Satellite operator Intelsat confirmed on 24 May that it no longer plans to float on the New York Stock Exchange by the former deadline of 30 June, and will instead start to explore takeover offers. But a buyout could damage the company's creditworthiness by increasing its debt burden.

 

News of a possible takeover this year first appeared earlier this month, when Intelsat said it had received "non-binding preliminary indications of interest". At the time, the company planned to continue with the flotation, then scheduled for June, and proceed to the buyout later in the year. Under US law Intelsat, formerly an intergovernmental organisation that became a private company in 2001, had until the end of June to float.

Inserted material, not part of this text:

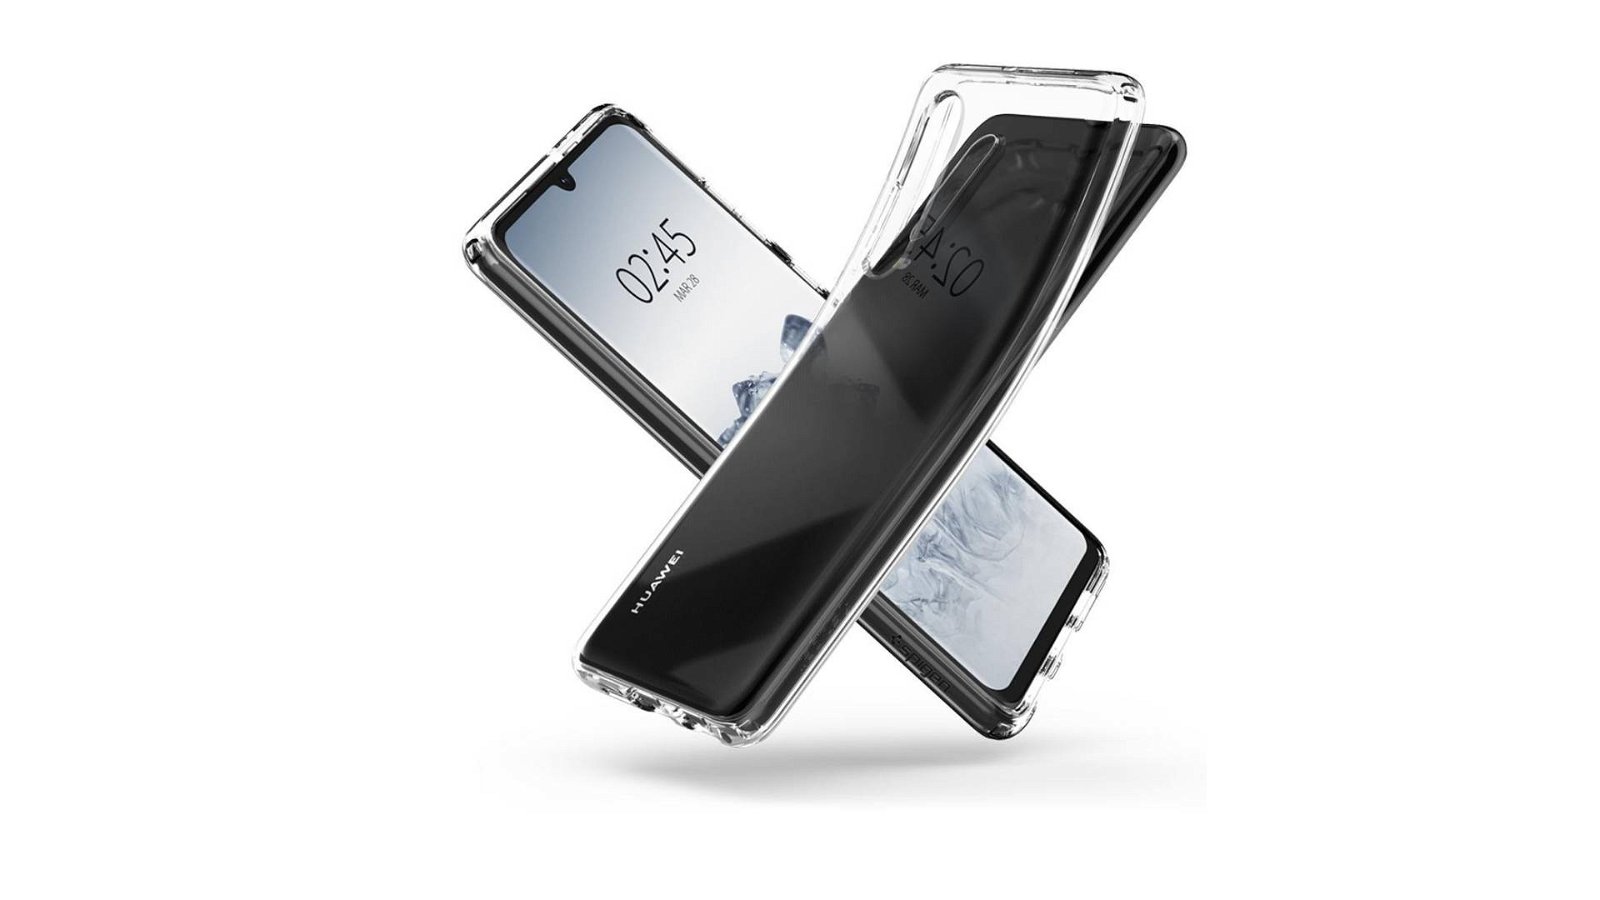 Immagine di Huawei P30 si mostra in incognito al Mobile World Congress 2019

But the law was amended on 18 May, giving it until the end of 2005.

 

The possibility of a leveraged buyout has raised doubts over the company's creditworthiness. In a leveraged buyout, the newly floated company would be bought up by a private equity investor, which would fund the purchase by issuing more Intelsat debt. Intelsat already had $2.4 billion in debts at the end of last year, and this figure is set to rise as a result of the $1.1 billion purchase of Loral's North American satellite fleet. The company says it is still without permission to operate the ex-Loral fleet beyond 13 September and is negotiating an extension with US telecommunications regulators.

 

New Skies Satellites is negotiating with an unnamed private equity house, believed to be Blackstone Group, interested in buying the listed company. New Skies has a market value of $920 million, but any buyout would involve a significant premium, the company says. New Skies is the seventh largest satellite operator in the world by sales, with revenues of $215 million in 2003 and $11.8 million net profits.